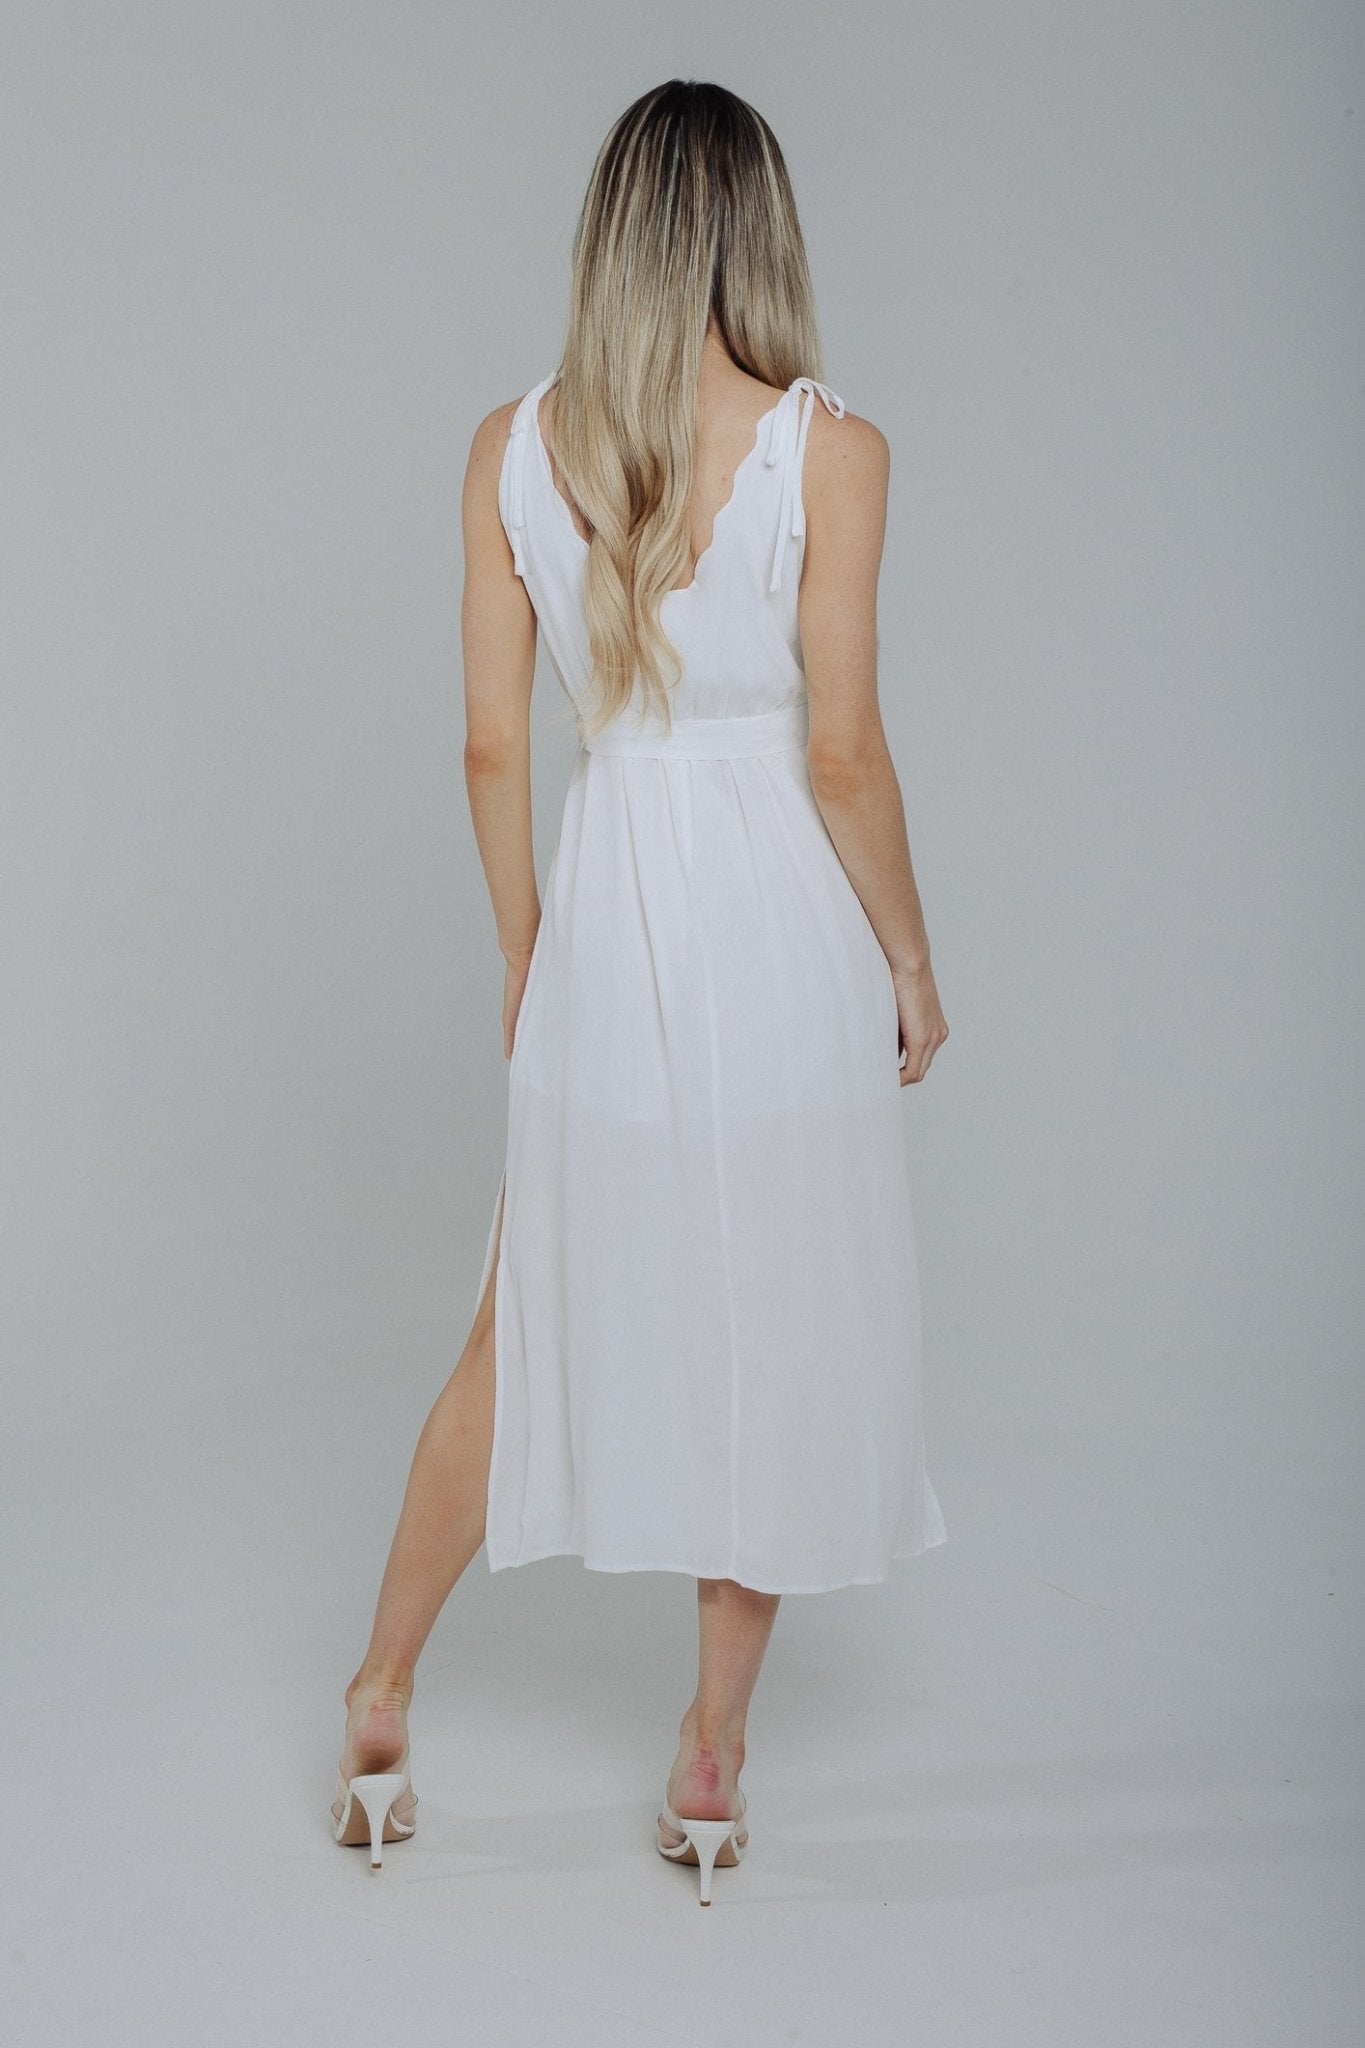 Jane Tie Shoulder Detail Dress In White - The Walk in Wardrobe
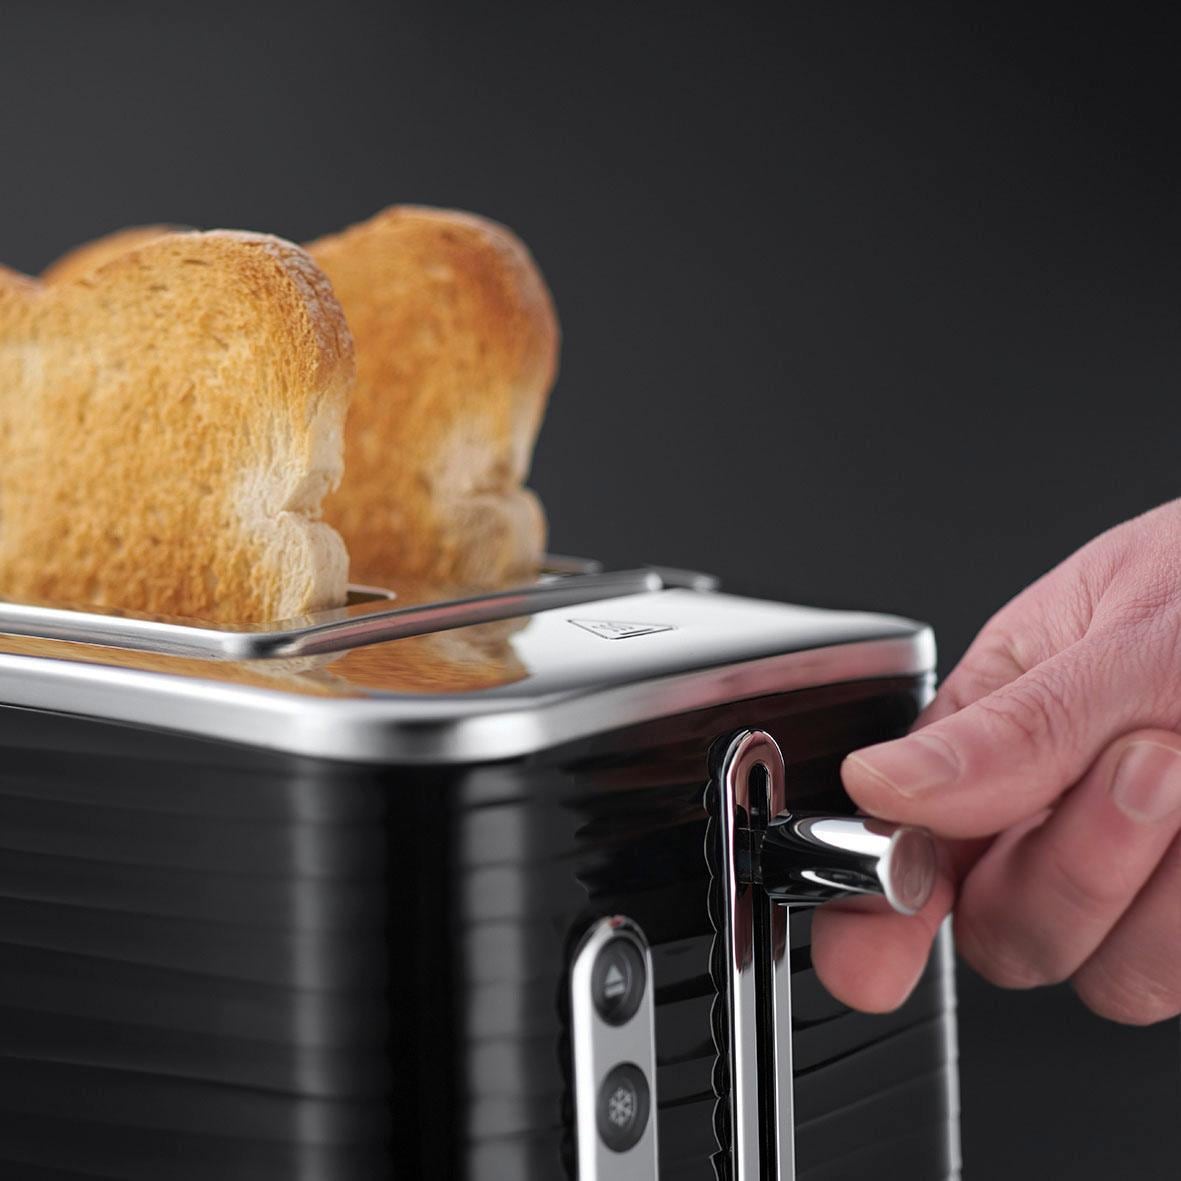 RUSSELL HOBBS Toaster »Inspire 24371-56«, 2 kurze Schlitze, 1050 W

********

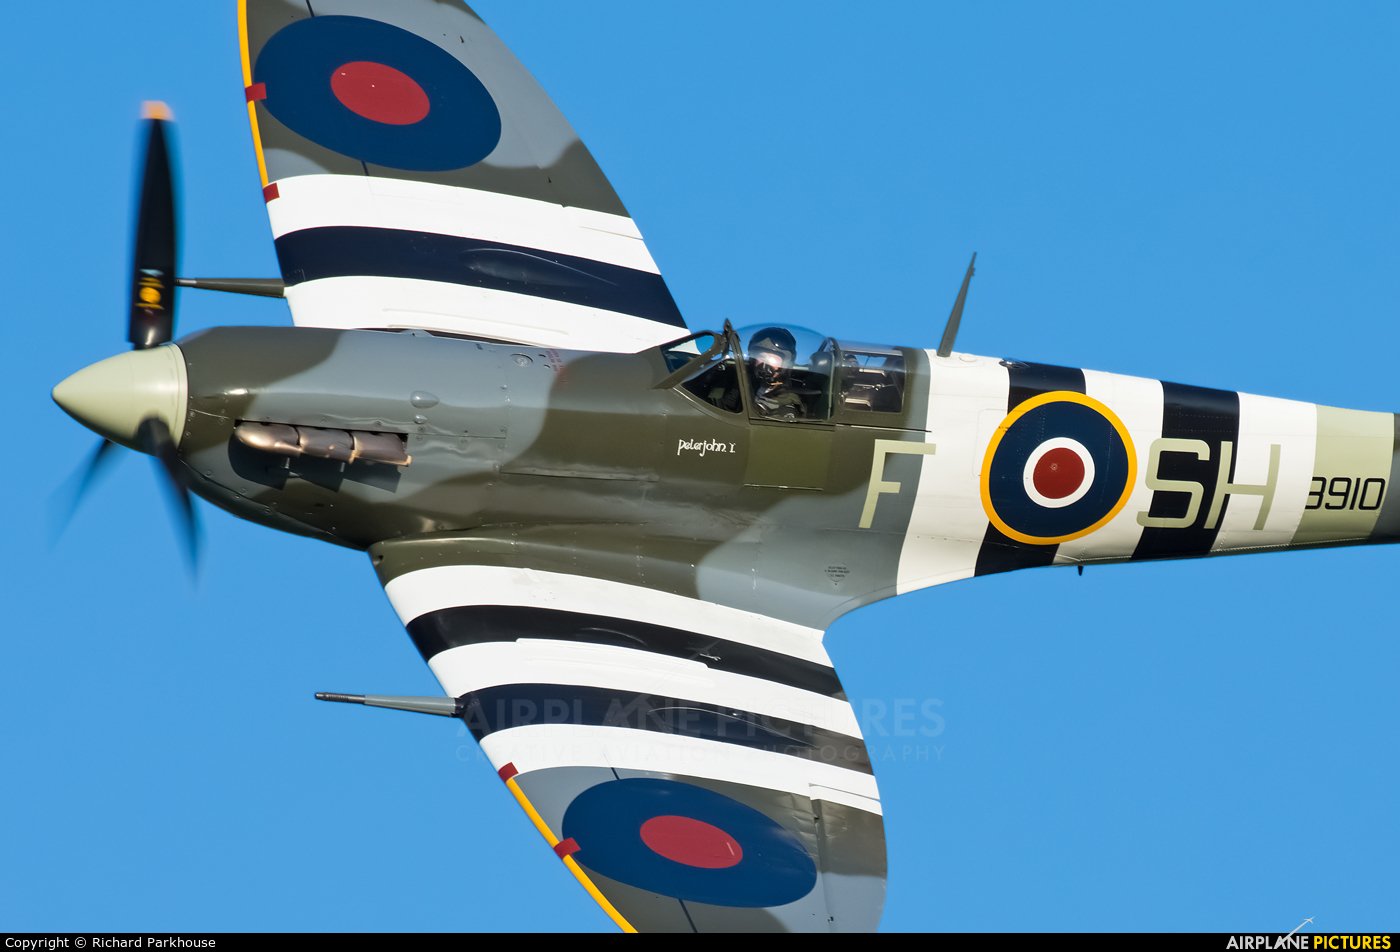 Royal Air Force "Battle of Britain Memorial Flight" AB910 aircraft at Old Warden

********

Take the lines above starting at the one containing "Jane Tie Shoulder" and ending at the one containing "RUSSELL HOBBS Toaster", and print them again exactly, without pictures.

 Jane Tie Shoulder Detail Dress In White - The Walk in Wardrobe
 RUSSELL HOBBS Toaster »Inspire 24371-56«, 2 kurze Schlitze, 1050 W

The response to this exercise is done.